The Civil Rights Movement continued to expand, with protesters leading nonviolent demonstrations to mark their cause. As president, John F. Kennedy called for a new bill in his televised Civil Rights Address of June 11, 1963, in which he asked for legislation "giving all Americans the right to be served in facilities which are open to the public—hotels, restaurants, theaters, retail stores, and similar establishments" as well as "greater protection for the right to vote". Kennedy delivered the speech after a series of civil rights protests, most notably the Birmingham campaign, which concluded in May 1963.
In the summer of 1963, various parts of the civil rights movement collaborated to run voter education and voter registration drives in Mississippi. During the 1964 Freedom Summer, hundreds of students from the North and West came to participate in voter drives and community organizing. Media coverage, especially of the violent backlash exemplified by the murders of Chaney, Goodman, and Schwerner near Philadelphia, Mississippi, contributed to national support for civil rights legislation.
After the Kennedy assassination, President Lyndon Johnson helped secure passage of the Civil Rights Act of 1964, which made racial discrimination and segregation illegal, as well as the Voting Rights Act of 1965 and 24th amendment, which abolished the poll tax and other means of keeping blacks and the poor from registering to vote and from voting, established record-keeping and oversight, and provided for federal enforcement in areas with documented patterns of discrimination or low voter turnout.
Although the Act's passage seemed to indicate a growing federal commitment to the cause of civil rights, the legislation was limited. Alterations to the bill made the Act difficult to enforce; by 1960, black voting had increased by only 3%. Its passage showed varying degrees of willingness to support civil rights. The Act restricted itself to protecting participation in federal elections.

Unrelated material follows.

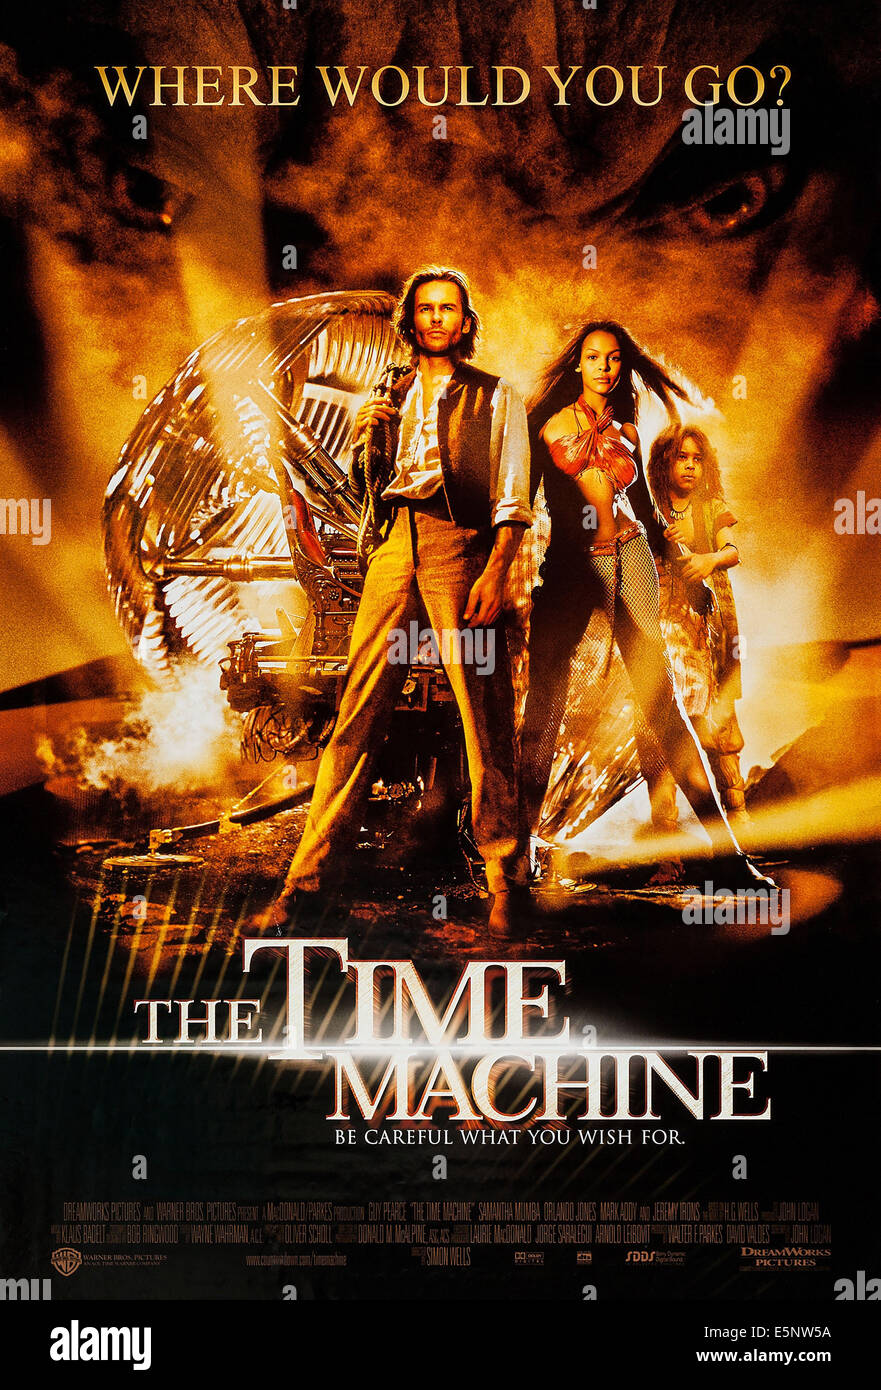 THE TIME MACHINE, US poster art, Guy Pearce (center), 2002. ©DreamWorks Distribution/courtesy Everett Collection Stock Photo
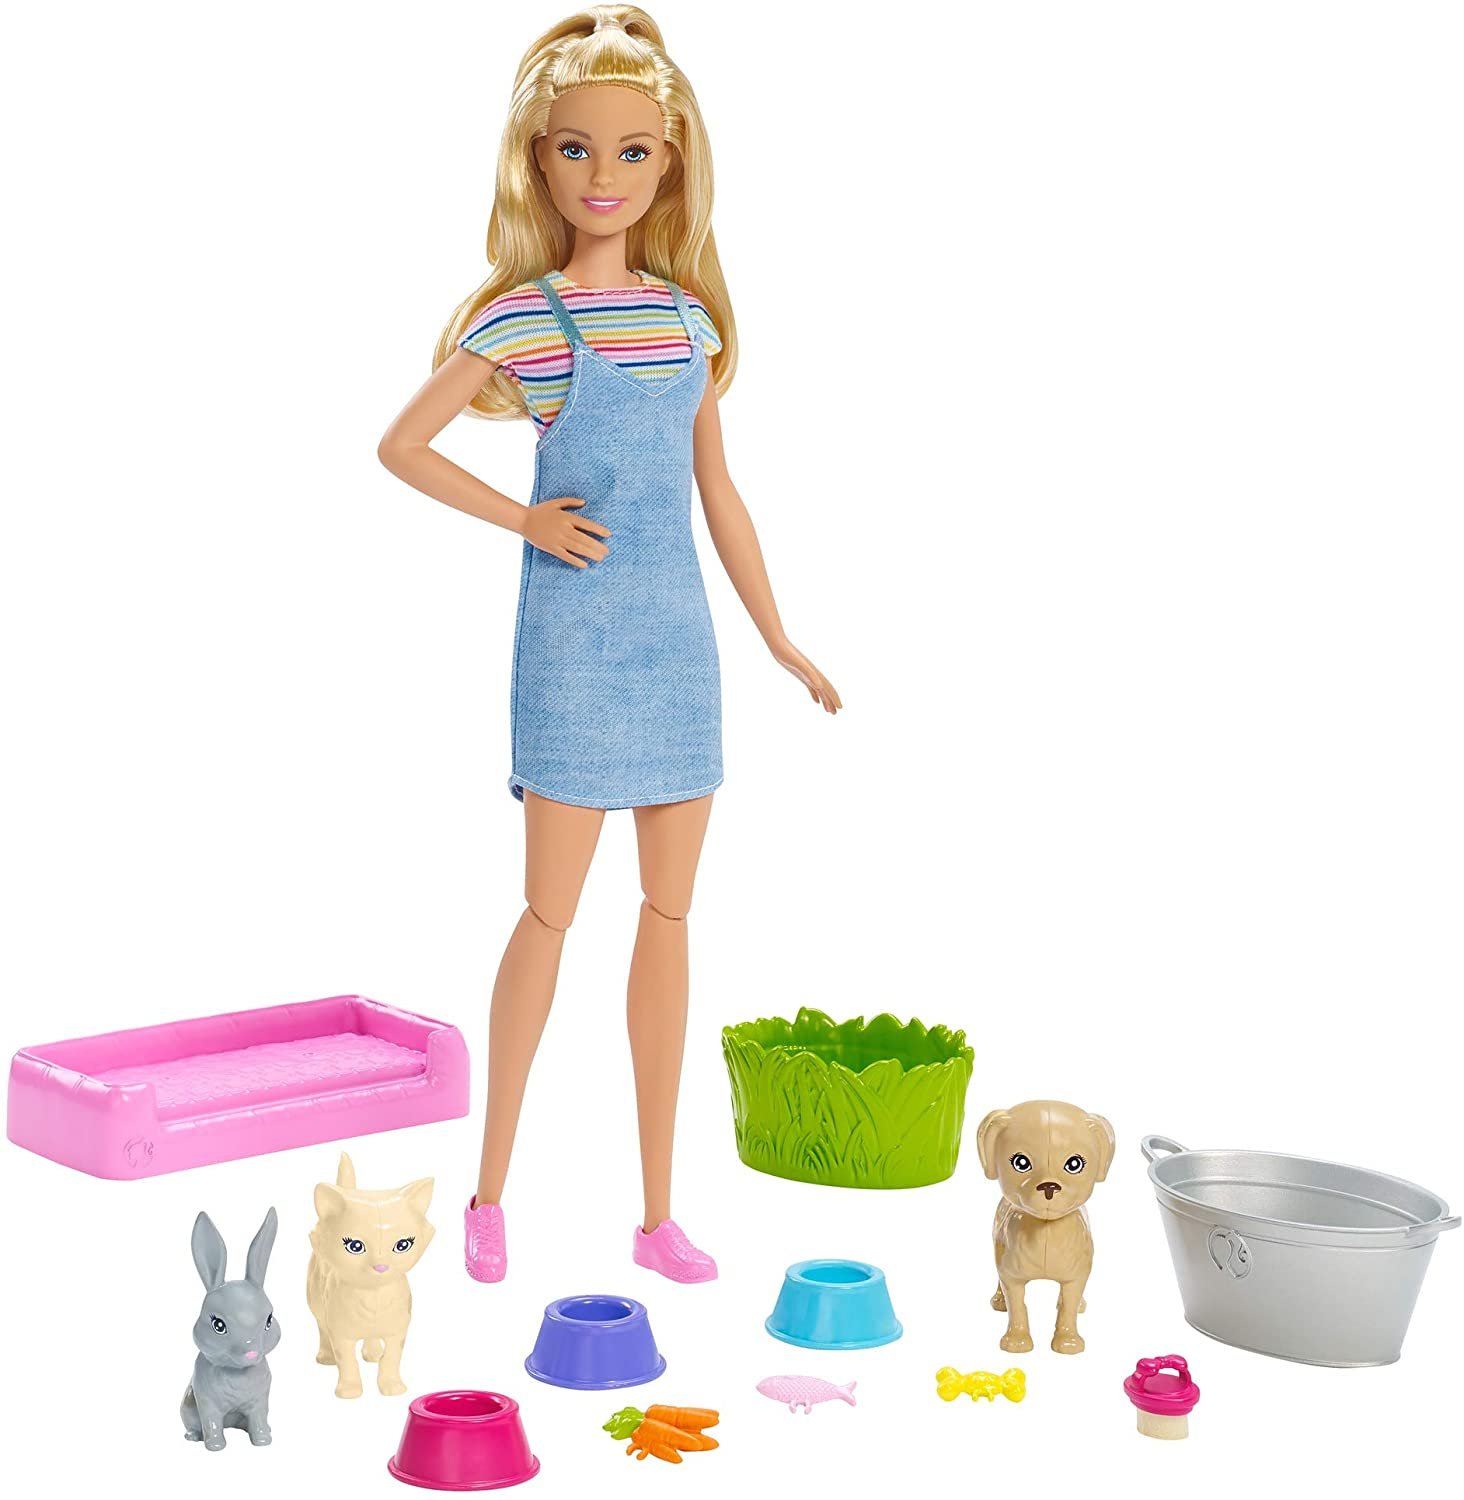 Barbie Play ‘n’ Wash Pets Playset with Blonde Doll,

Martin Luther King Jr., then 28, was a developing leader in the Civil Rights Movement and spoke out against white supremacists. Segregationists had burned black churches, which were centers of education and organizing for voter registration, and physically attacked black activists, including women. King sent a telegram to Eisenhower to make a speech to the South and asked him to use "the weight of your great office to point out to the people of the South the moral nature of the problem". Eisenhower responded, "I don't know what another speech would do about the thing right now."
Disappointed, King sent another telegram to Eisenhower stating that the latter's comments were "a profound disappointment to the millions of Americans of goodwill, north and south, who earnestly are looking to you for leadership and guidance in this period of inevitable social change". He tried to set up a meeting with the President but was given a two-hour meeting with Vice President Richard Nixon. It is reported that Nixon was impressed with King and told Eisenhower that he might enjoy meeting King later.